Pseudonym of Georgiana Ann Randolph Craig; other pseudsonyms include Daphne Sanders, George Sanders, Gypsy Rose Lee, Michael Venning
(1908-1957)
Life Can Be Horrible.
That’s the name of a screwball short story CRAIG RICE once wrote.
It might as well have been her epitath.
In its January 28, 1946 issue, Time Magazine selected writer Craig Rice for a cover feature on the mystery genre — the first time a mystery writer was to grace the cover. It was one of the rare allocades this now almost forgotten writer received for her amazing body of work while she was still alive.
The fact is, Rice was, as a recent (and long-overdue) biography put it, “The Queen the Screwball Mystery.” But even that’s damning her with faint praise.
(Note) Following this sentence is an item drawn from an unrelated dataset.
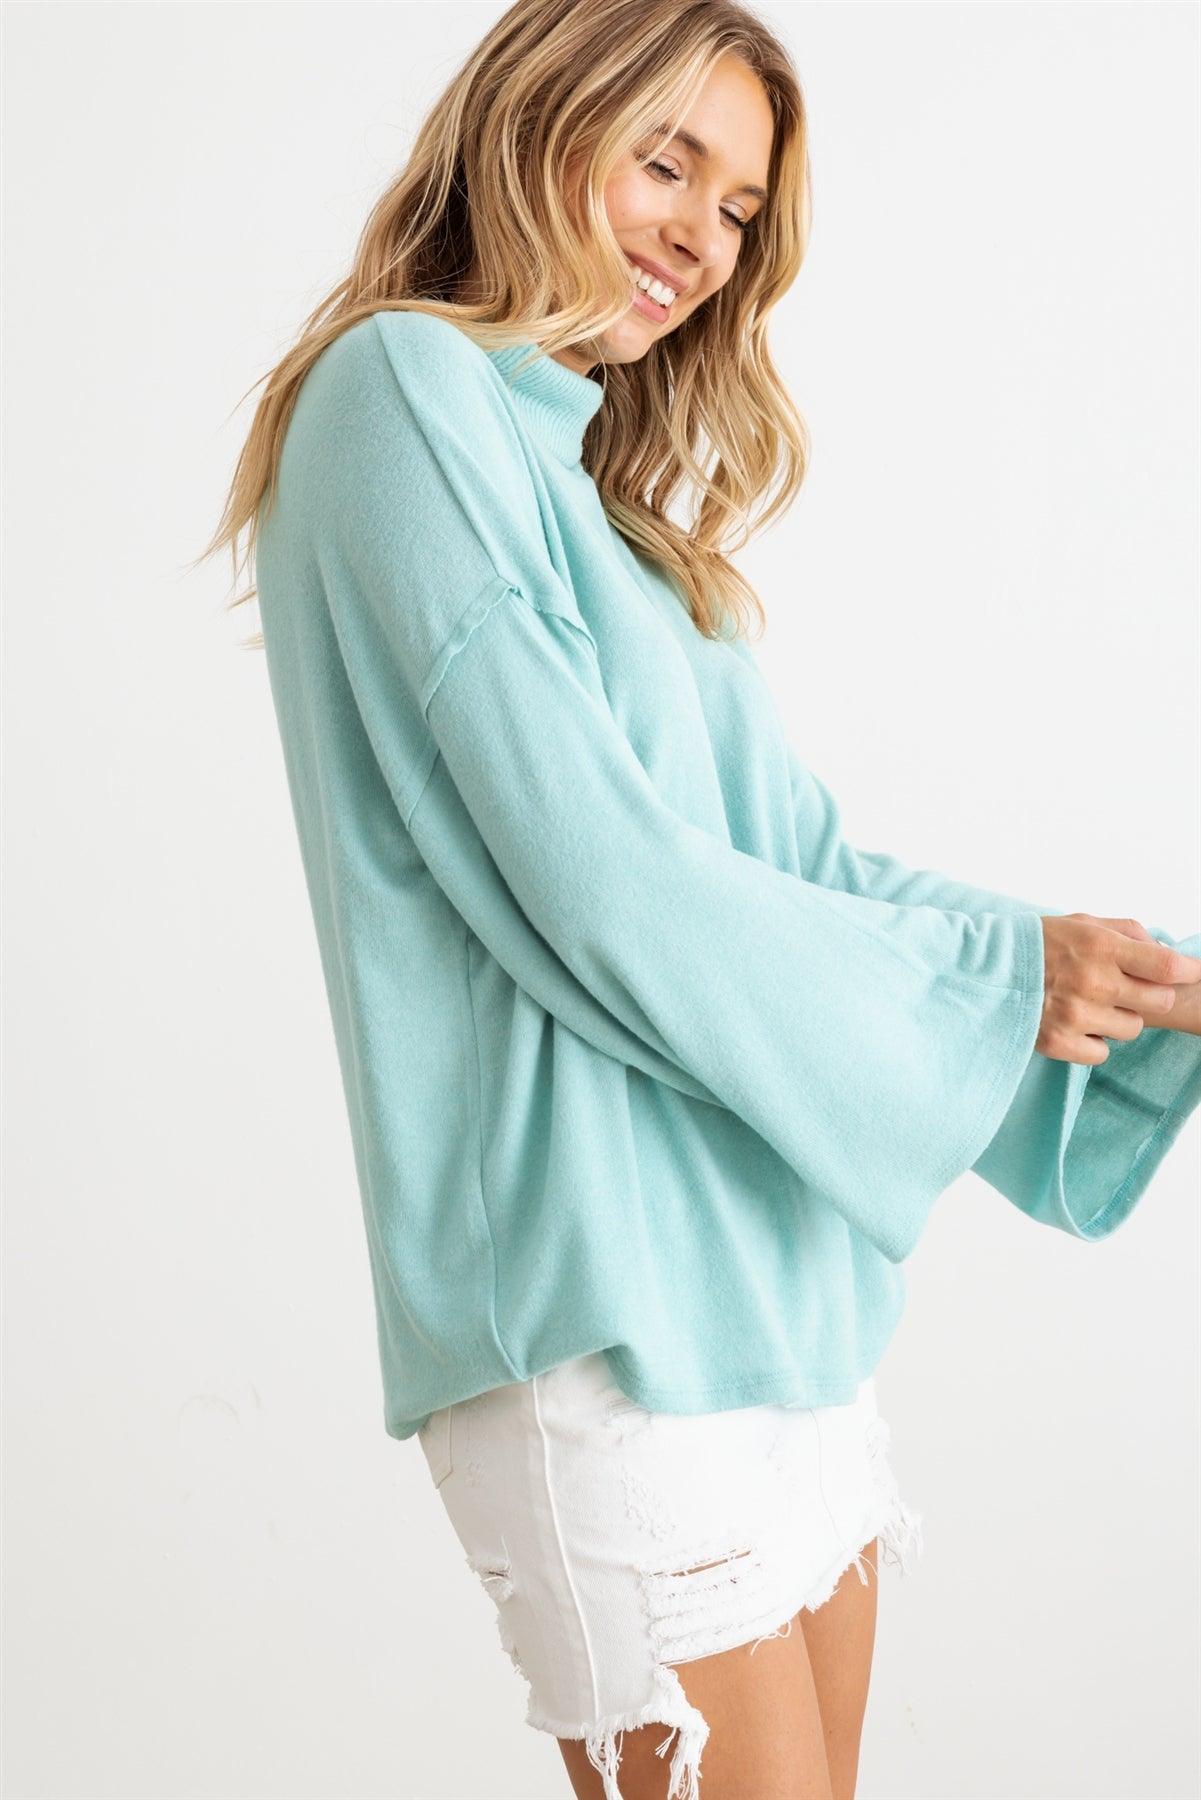 Aqua Turtle Neck Long Sleeve Soft To Touch Top 3

What she really was was is “The Queen of the Surrealistic Crime Story.” Almost everything that happens in one of her witty, whacky novels is completely off the wall. To Rice, reality was truly just a concept; a weird and wonderful playground where her imagination could romp around unfettered.
Rice twistied and distorted characters, plots, settings and events like a rubber pretzel, yet somehow she always managed to come back to this world, content at having challenged her reader’s perceptions of reality. Chopped up bodies vie with elaborately detailed descriptions of womens’ dresses for the readers attention, and every glass of alcohol is duly noted. And yet, in their own weird, surreal way, everything does follow its own peculiar logic.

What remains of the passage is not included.